8月25日、ワーナーミュージック・ジャパン移籍第一弾アルバム『ART OF LIFE』を発売、収録曲は29分に及ぶタイトルトラック1曲のみ。初動売上で30万枚以上、最終的な累計売上は60万枚を超えるヒット作となった。オリコン1位。

9月29日、ZI:KILLのTUSKと、映像作品『Seth et Holth』を発表する。

11月10日、9thシングル“Tears”をMMGから発売、オリコン2位。

 

 

1994年1月21日、3rdソロシングル“DICE”(作詞・曲:hide)を発売、ソロシングルとしては初めて自身で作詞作曲を手掛けた。オリコン6位、売り上げ25.9万枚。

 

2月、初のソロアルバム『HIDE YOUR FACE』を発売。オリコン1位。ジャケットの仮面のオブジェは、映画『エイリアン』などで知られるH・R・ギーガーによるデザイン。また、同年3月から4月にかけて初のソロツアーを開催した。

 

3月24日、4thソロシングル“TELL ME”(作詞・曲:hide)を発売、エースコックのCMソング。オリコン4位、売り上げ22.8万枚。

 

7月10日、10thシングル“Rusty Nail”をAtlanticからリリース、オリコン1位。

 

 

1995年8月1日、11thシングル“Longing 〜跡切れたmelody〜”を発売、オリコン1位。

 

12月11日、12thシングル“Longing 〜切望の夜〜”を発売、オリコン5位。

 

 

1996年2月26日、13thシングル“DAHLIA”を発売、オリコン1位。

 

同年、アマチュアバンドであったZEPPET STOREの楽曲や存在を世間に知らしめたいという動機からレーベル「LEMONed」(レモネード)を立ち上げる。

5月22日、レーベルと同名タイトルのオムニバスアルバムとビデオを発売することでレーベルの存在を公にした。

6月よりソロアルバム制作を開始。

6月24日、5thソロシングル“MISERY”(作詞・曲:hide)を発売、オリコン3位、売り上げ21.3万枚。

 

7月8日、14thシングル“Forever Love”を発売、オリコン1位。

 

8月12日、6thソロシングル“Beauty & Stupid”(作詞・曲:hide)を発売、オリコン4位、売り上げ20.3万枚。

 

8月26日、15thシングル“CRUCIFY MY LOVE”を発売、オリコン2位。

 

9月2日、2ndソロアルバム『PSYENCE』を発売。オリコン1位。

 

11月4日、4thアルバム『DAHLIA』を発売。

 

11月18日、HIDEが作詞作曲を手掛けた16thシングル“SCARS”(作詞・曲:HIDE)を『DAHLIA』からリカット、オリコン15位。

 

12月18日、7thソロシングル“Hi-Ho/GOOD BYE”(ともに作詞・曲:hide)を発売、オリコン8位、売り上げ12.2万枚。

 

 

 

1997年9月22日、TOSHIの脱退によりX JAPANは解散を発表。その後、ファンに対する「けじめ」としてライヴをしようとHIDEがYOSHIKIを説得。

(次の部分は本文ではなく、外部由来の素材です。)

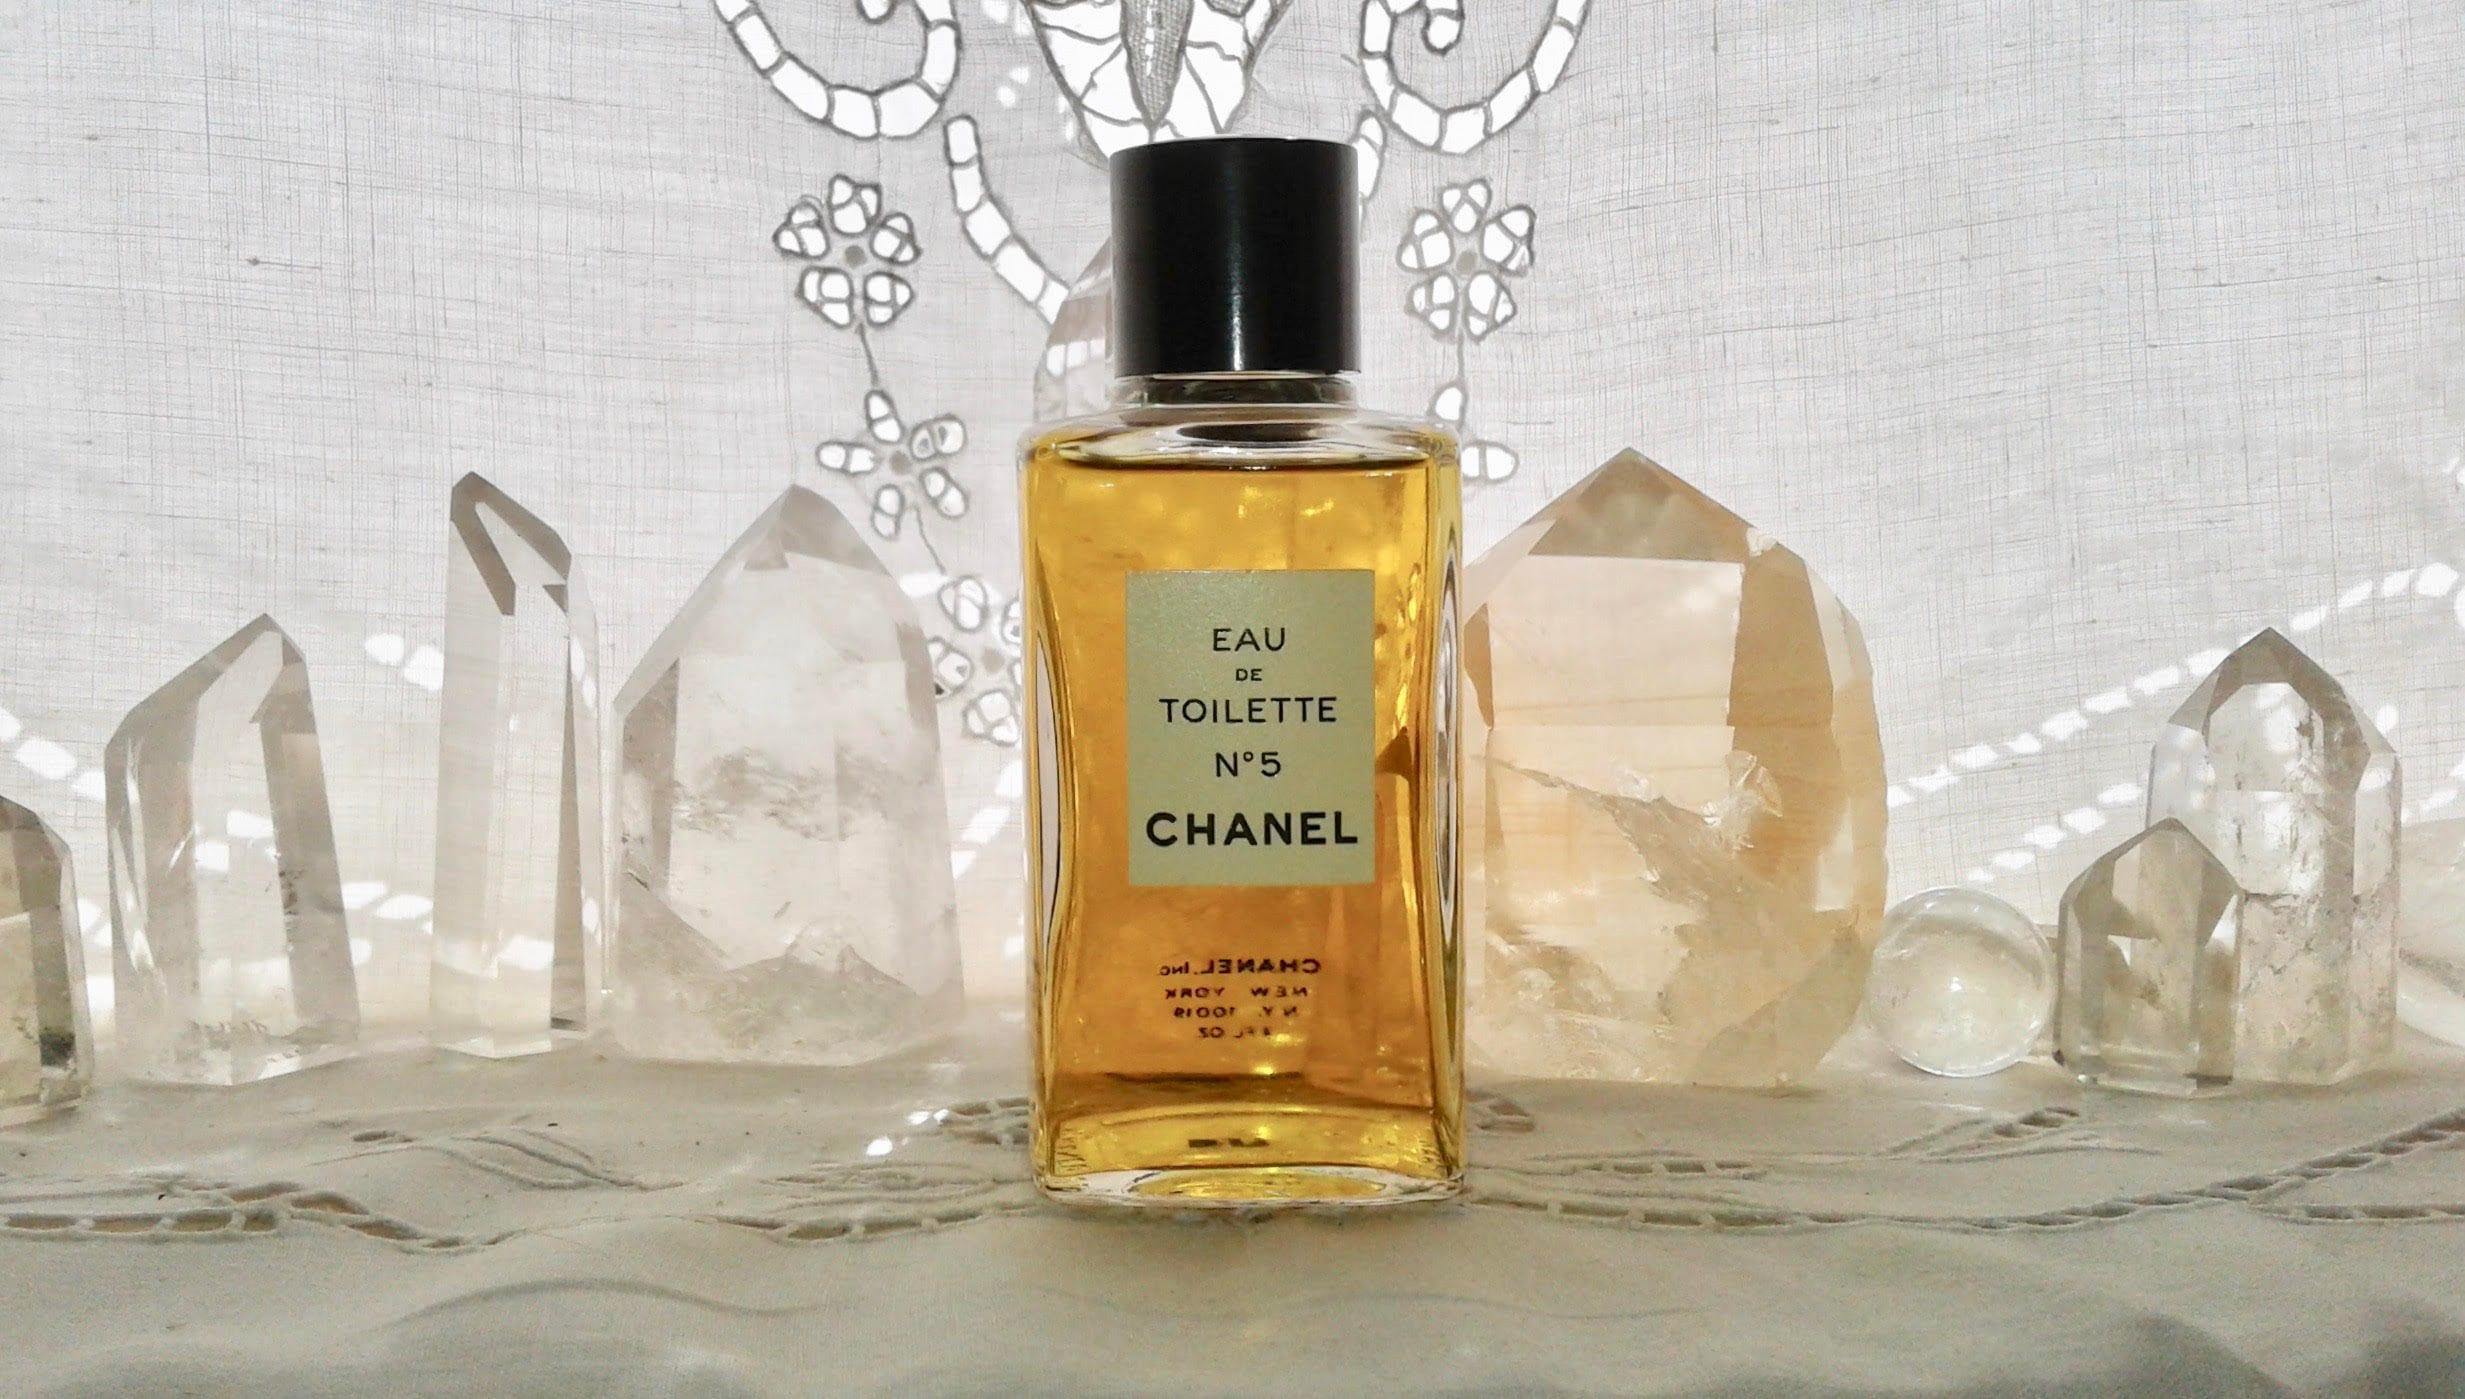 Chanel No 5 120 Ml Or 4 Oz Flacon Eau De Toilette 1921 Etsy

12月18日、X JAPANのシングル“Forever Love (Last Mix)”をPolydorから発売、オリコン13位。

12月31日、Toshiも参加し、「THE LAST LIVE」を開催、コンサート終了後に出演した『第48回NHK紅白歌合戦』のステージでもってX JAPANは解散。

 

 

1998年1月1日、X JAPAN解散の翌日、「hide with Spread Beaver」として新聞紙上に全面広告を掲載。

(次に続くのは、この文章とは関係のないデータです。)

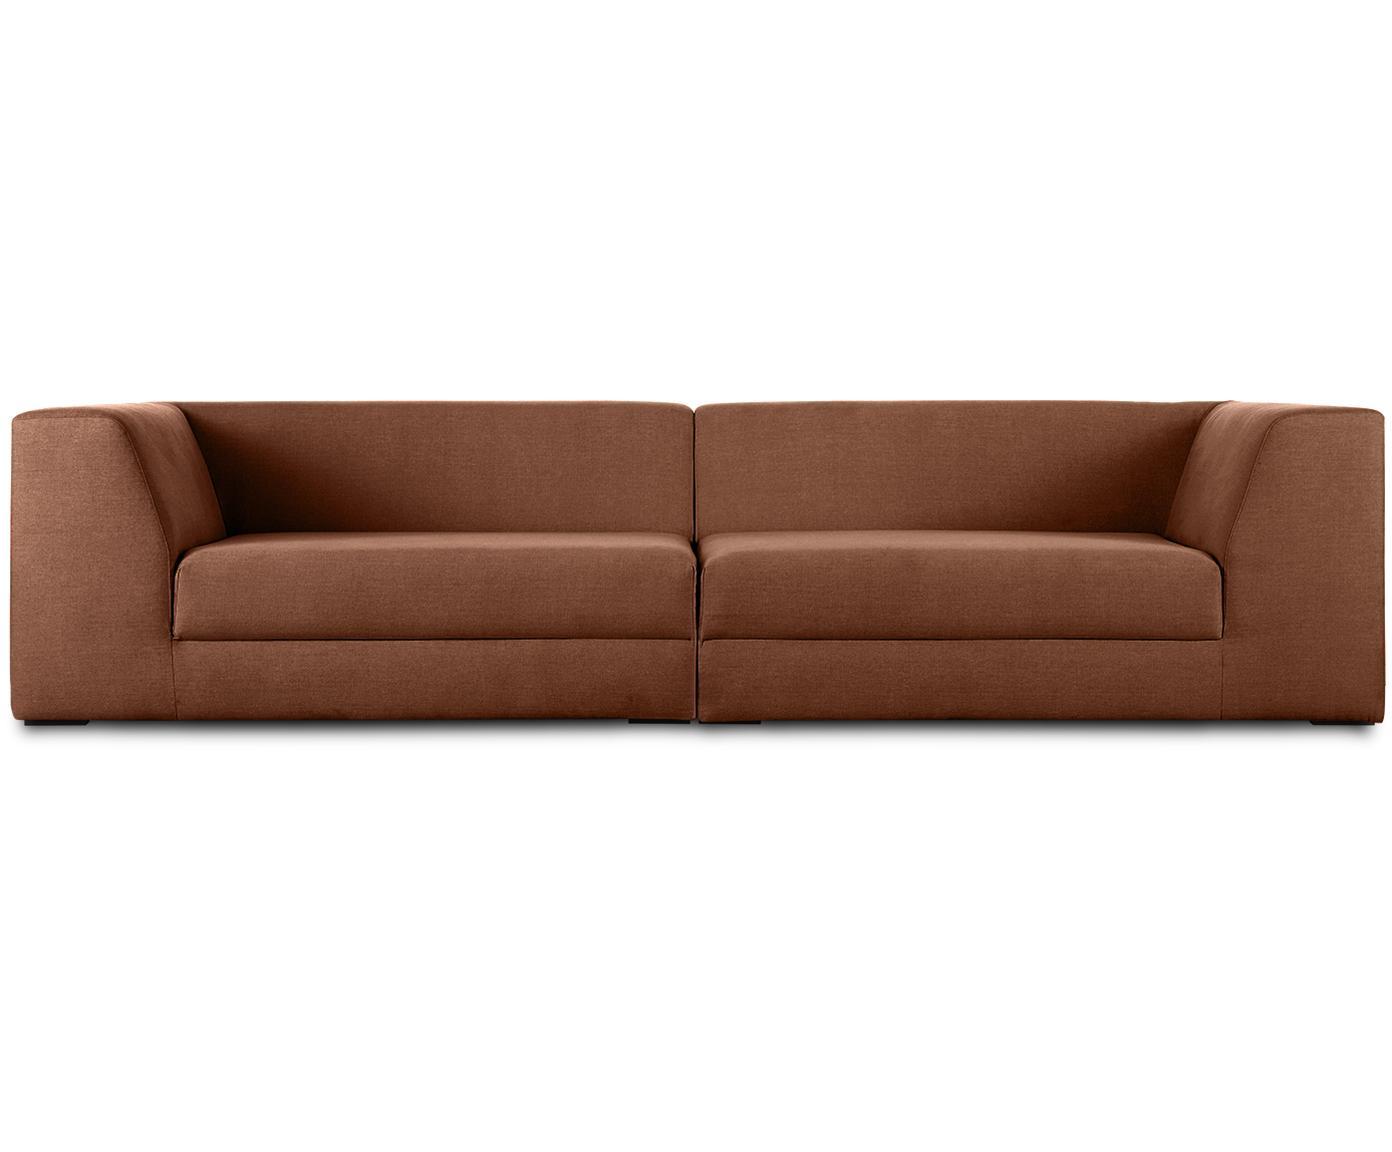 Modulares Sofa Grant (3-Sitzer), Bezug: Baumwolle 20.000 Scheuert, Gestell: Fichtenholz, Füße: Massives Buchenholz, lack, Webstoff Braun, B 266 x T 106 cm

1月28日、8thソロシングル“ROCKET DIVE”(作詞・曲:hide)を発売。オリコン4位。

 

3月18日、X JAPANの17thシングル“THE LAST SONG”を発売、オリコン8位。

 

1998年5月2日朝7時30分頃、自宅マンションの寝室にてドアノブに掛けたタオルで首を吊って呼吸停止した状態になっているのが同居していた婚約者によって発見され、病院に搬送されたが午前8時52分に死亡が確認された。33歳没。後にファンが後追い自殺をするなどの事態が発生したという。

 

5月5日に関係者のみ300人を集め密葬が執り行われ、5月6日に通夜、5月7日に告別式が催され、両日はファンの献花を受け付け、連日ファンが大挙して押し寄せた。告別式にはTOSHI、TAIJIを含むX JAPANのメンバーをはじめ、親交のあった音楽仲間や業界関係者も参列した。告別式はテレビで生中継された。

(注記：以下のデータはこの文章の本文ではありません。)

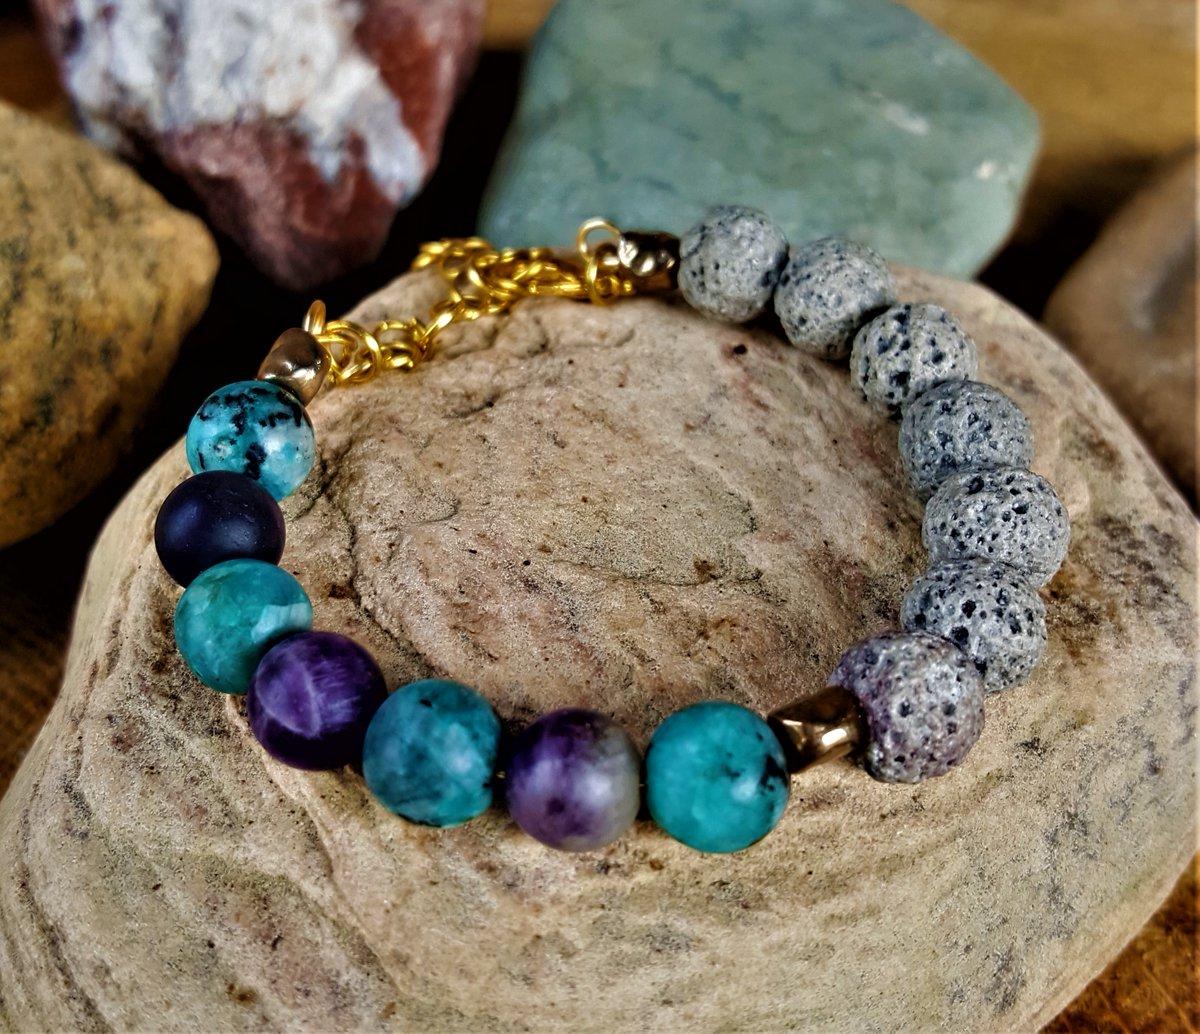 NATURAL AQUA BLUE JADE / AMETHYST/ LAVA ROCK GEMSTONE BEADED BRACELET https://t.co/SUdi473Ycr #jewelryforsale #Gemstone  #Healing #handmadegifts  #gemstonebracelets #Chakra #jewelryaddict #essentialoils  #fashion #giftsforher #giftshop https://t.co/N2AgmnknNs

5月13日、9thソロシングル“ピンクスパイダー”(作詞・曲:hide)が、生前に予定されていた通りに発売。オリコン1位、ソロとして自己最高となる売り上げ103.4万枚。

 

5月27日、シングル“ever free”(作詞・曲:hide)も予定通りに発売された。オリコン1位。

 

7月23日、生前にレイ・マクヴェイとポール・レイヴンとともに結成したプロジェクト「zilch」の1stアルバム『3・2・1』が発売。

 

 

10月21日、未発表曲としてソロシングル“HURRY GO ROUND”(作詞・曲:hide)が発売。これは生前に録っていた仮歌の音源を使用して、hideとともに最もレコーディング作業に深く関わっていたI.N.Aによって制作された。

 

11月21日、3rdソロアルバム『Ja,Zoo』が発売される。hideの遺作となった本アルバムは、生前には未完成であったが、Spread Beaverのメンバーや、サーベルタイガー時代からの仲間であるkyoや菊地哲などの参加により完成された。

 

 

1999年5月1日、  死去から丁度1年後、トリビュート・アルバム『hide TRIBUTE SPIRITS』が発売。hideに縁のあるミュージシャンや、hideがBOØWY時代からファンであった布袋寅泰などが参加。 

 

 

2000年7月20日、故郷である神奈川県横須賀市の海岸沿いにある京浜急行電鉄所有の土地を利用し、記念館「hide MUSEUM」が開館。衣裳や楽器などhideにゆかりのある品々を展示、併設の「Cafe Le PSYENCE」ではライヴも行われた。

 

 

2014年12月10日、生誕50周年記念アルバムとして、『子 ギャル』を発売。hideの未発表デモ音源に、生前発表されたhideのヴォーカルパートを切り離して、ボーカロイドのようにつなぎ合わせて完成させた“子 ギャル”の他、シングルA面を収録した。オリコン2位。